“Carl, I’m only going to tell you this one time. Get your crusty-ass boots off my good furniture,” she started in, with the devil in her brown eyes.
I looked from her to my boot and back again. She was dead serious, I could tell.
“My boots are clean, woman.” I raised a brow, pressing the issue with a little wag to my foot.
“So is my shin kick, don’t try me!” She marched forward like she was the club’s next enforcer.
I laughed and slid my foot to the floor. Sitting up with a groan, I opened the magazine and once our stare-down ended, I glanced down to be confronted by an ad for feminine products. I hurriedly flipped, only to find that the rest of the pages were covered in wedding hairstyles and the best bangs of last year.
“Fuck me,” I mumbled under my breath, just as the bells chimed and the door swung open.
I tossed the magazine onto her barn-door-style coffee table and lifted my leg to laze upon the edge of it. Daisy shot me a glare that could have ended me on the spot, and I returned my foot to the floor again with a huff.
“Hey, Penny. It’s good to see you. We’re doing highlights today, right?” She swung into her friendly voice like she hadn’t just silently threatened me.
“Yeah,” Penny hesitantly answered as she struggled through the door.
She had a sticky-faced toddler on one hip and was dragging a preschool-aged child along with the other arm.
“My mom had the flu and couldn’t watch the kids for me.
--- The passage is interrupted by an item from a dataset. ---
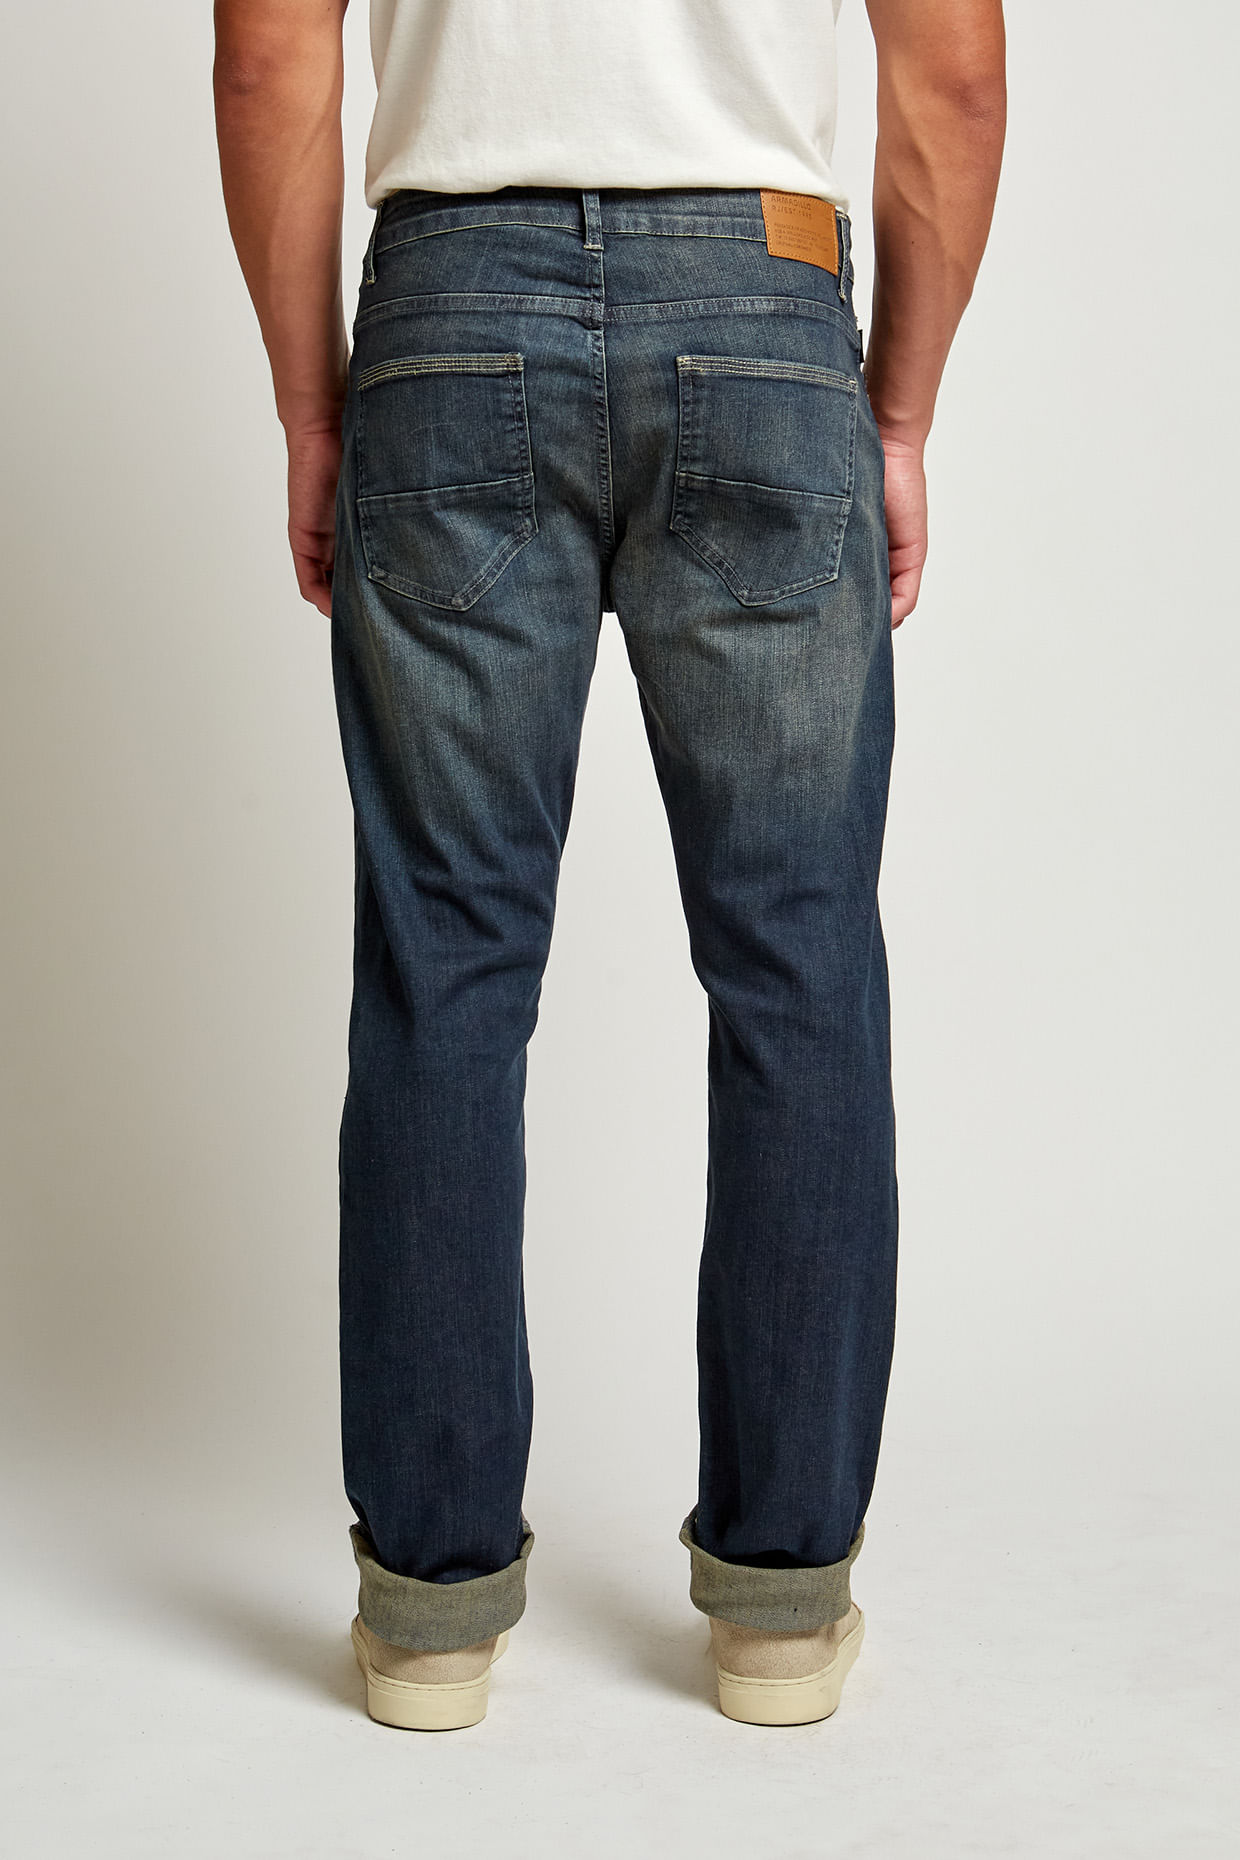 20906---Calca-Jeans-Brooklyn--4-
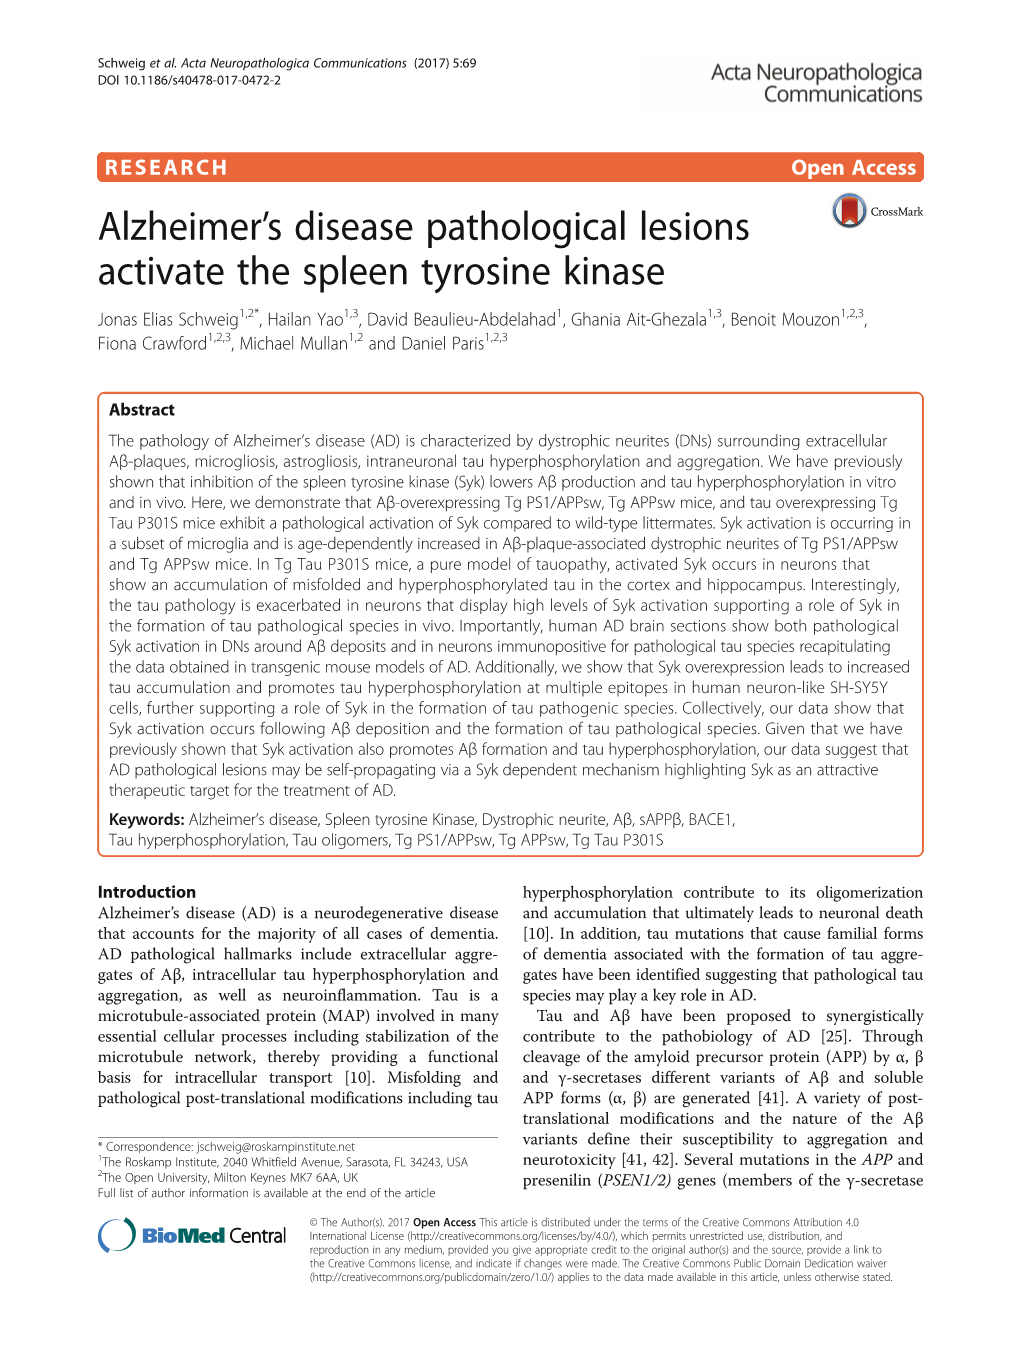 Alzheimer's Disease Pathological Lesions Activate the Spleen Tyrosine

It’s okay if they sit in the lounge, isn’t it?”
I looked at the six by ten area around me and tried to slow the deep breath I took. There was nothing I could do about the way I stiffened. I didn’t mind kids, if they listened. These children were already pulling her in two directions. The one on her hip was grabbing at suntan lotion and sucking on the nozzle.
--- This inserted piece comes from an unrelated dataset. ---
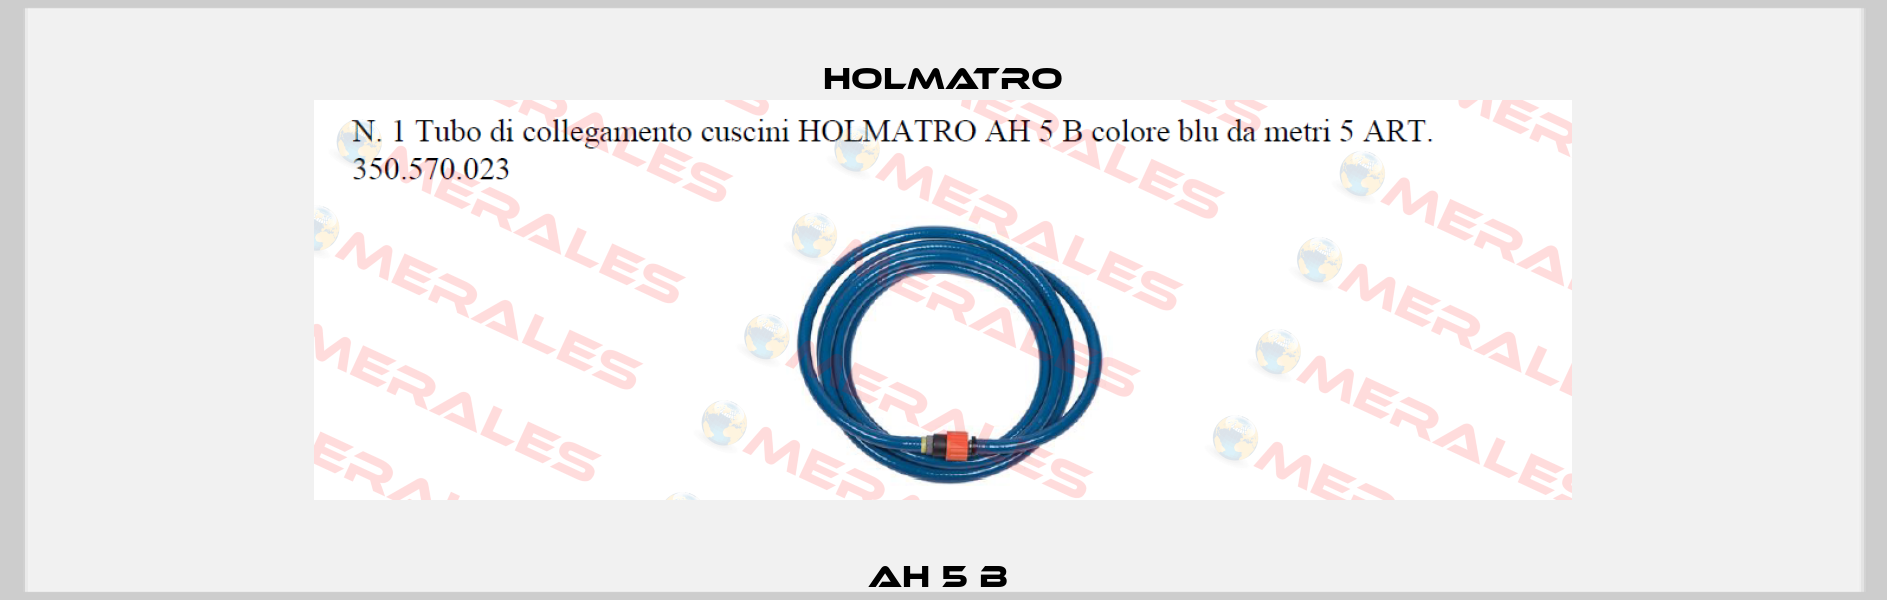 AH 5 B  Holmatro

“Put that back, Logan. Mommy can’t today,” she told the older of the two, when he grabbed a bath bomb out of the display basket.
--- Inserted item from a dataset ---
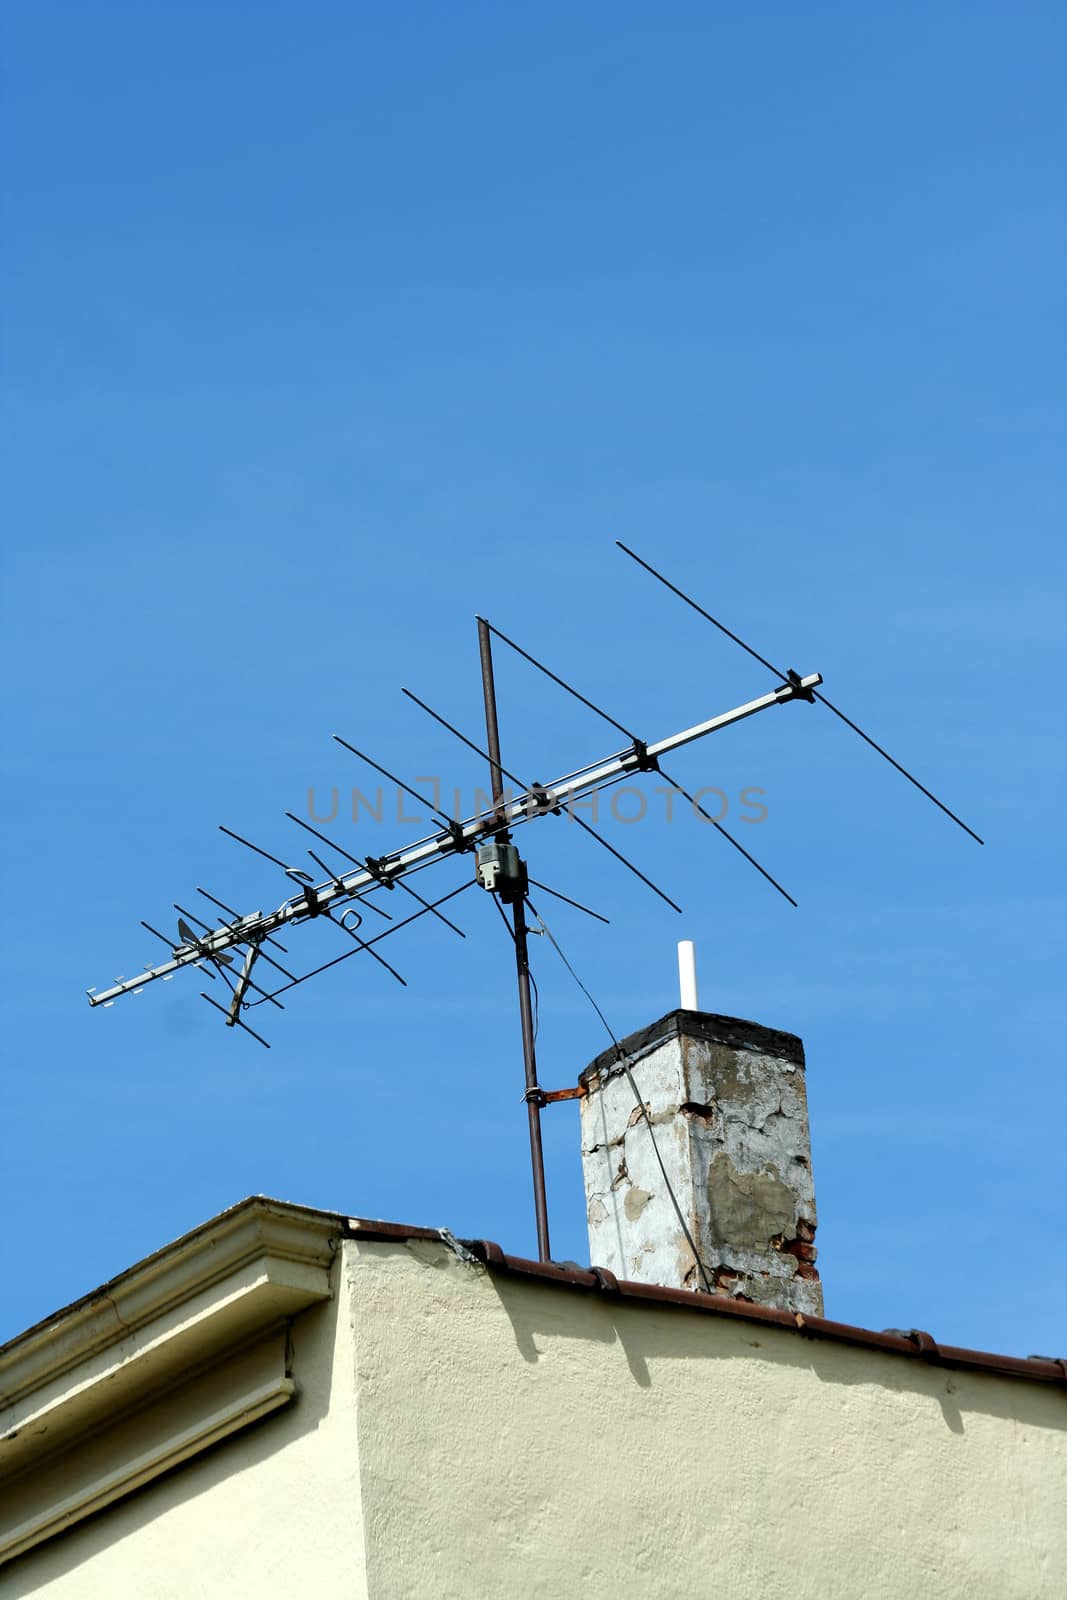 Old TV antenna by njnightsky

“Mine!” he shrieked, eyes bugging, and teeth bared.
“Logan, what did mommy say?” Penny emphasized in a voice that was far too polite to accomplish anything.
Logan let out a roar of injustice and that bath bomb whizzed past my head and made a bang when it connected with the wall. I glanced down and noticed it had broken into a few pieces in the package, and dust now littered the tile around it.
He jerked his arm away from his momma and grabbed a basket full of cosmetics. I shot off the chaise, rising to my fullheight without a word. The boy froze and his eyes locked with mine.
“Sit down, boy,” I advised, hooking a thumb toward the chaise I’d just abandoned.
The boy’s mother took one look at my Steel Disciples kutte and grabbed the boy’s arm again.
“Oh my God,” She stammered, and scrambled for the door with her children.
“Penny,” Daisy called, trotting after her. “Penny, wait!”
The women spoke in the parking lot, and it appeared pretty animated. After a time, they calmed down and Daisy sprinted back toward the store. I picked up the bath bomb and laid it on the counter.
The bells sounded and I turned to find Daisy glaring at me.
“What?”
“What do you mean, what? You just chased off my appointment.” She glared.
“I did not. I just told her ill-mannered brat to sit the fuck down,” I protested, “I didn’t even say fuck!”
“You should be so proud!” she condescended and slapped at the air while I sat back down on her fancy furniture.
We locked eyes and she bugged hers, “Get out! I have to make some money. You have to go.”
“I’m not leaving.” I started to lift my leg and that woman snatched up that bath bomb and hurled it at me.
“Damn it!” I spat back, hopping off the chaise a second time.